如何在高维数据中高效地找到k-最近邻? [英] How to efficiently find k-nearest neighbours in high-dimensional data?

本文介绍了如何在高维数据中高效地找到k-最近邻?的处理方法,对大家解决问题具有一定的参考价值,需要的朋友们下面随着小编来一起学习吧!

问题描述

所以我有大约 16,000 个 75 维数据点,对于每个点,我想找到它的 k 个最近邻居(使用欧几里德距离,如果这样更容易的话,目前 k=2)

So I have about 16,000 75-dimensional data points, and for each point I want to find its k nearest neighbours (using euclidean distance, currently k=2 if this makes it easiser)

我的第一个想法是为此使用 kd 树,但事实证明,随着维度数量的增加,它们变得相当低效.在我的示例实现中,它只比穷举搜索略快.

My first thought was to use a kd-tree for this, but as it turns out they become rather inefficient as the number of dimension grows. In my sample implementation, its only slightly faster than exhaustive search.

我的下一个想法是使用 PCA(主成分分析)来减少维数,但我想知道:是否有一些聪明的算法或数据结构可以在合理的时间内准确地解决这个问题?

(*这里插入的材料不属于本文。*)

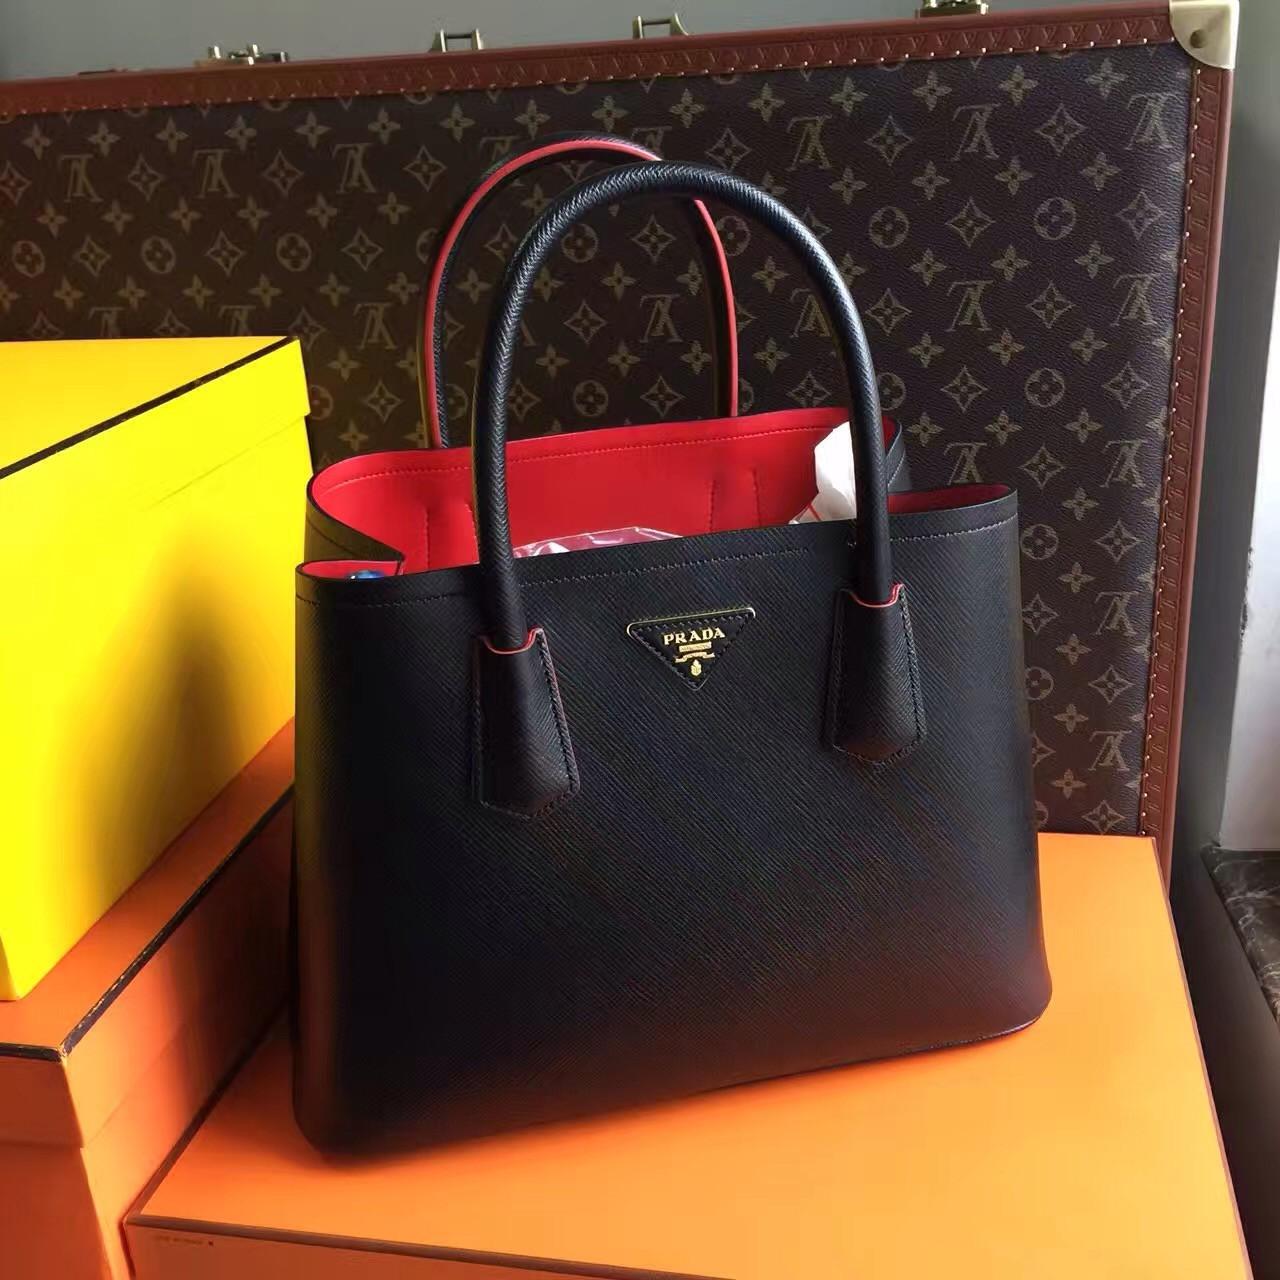 457427529e50 Final Sale]Prada double bag - Bella Vita Moda
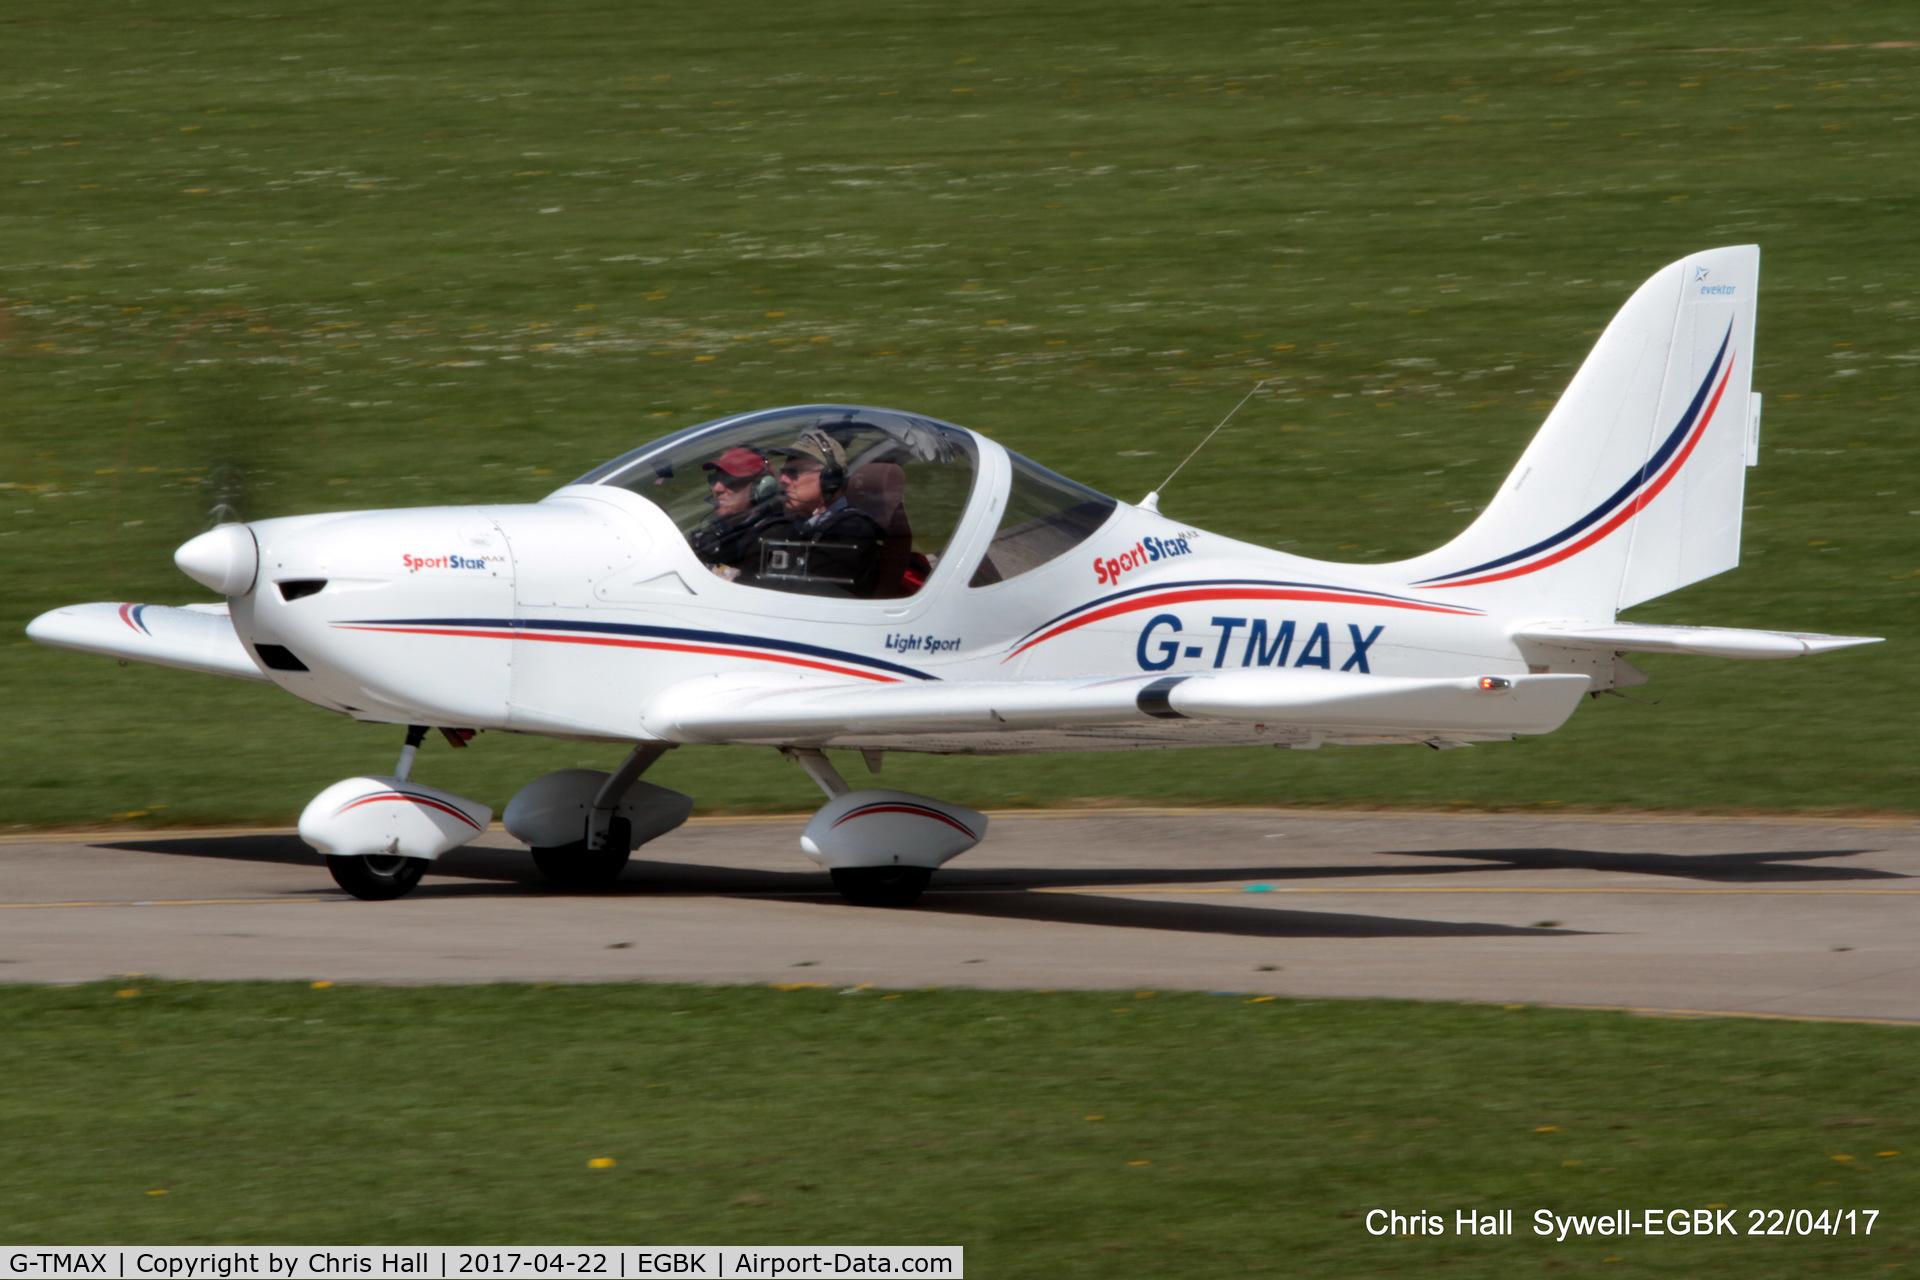 G-TMAX, 2010 Evektor-Aerotechnik Sportstar Max C/N 2010-1305, at the EV-97 fly in. Sywell

My next idea would be using PCA (Principal Component Analysis) to reduce the number of dimensions, but I was wondering: Is there some clever algorithm or data structure to solve this exactly in reasonable time?

推荐答案

关于 kd-trees 的维基百科文章有一个链接到 ANN 库:

The Wikipedia article for kd-trees has a link to the ANN library:

ANN 是一个用 C++ 编写的库,它支持数据结构和精确算法和近似最近邻搜索任意高的维度.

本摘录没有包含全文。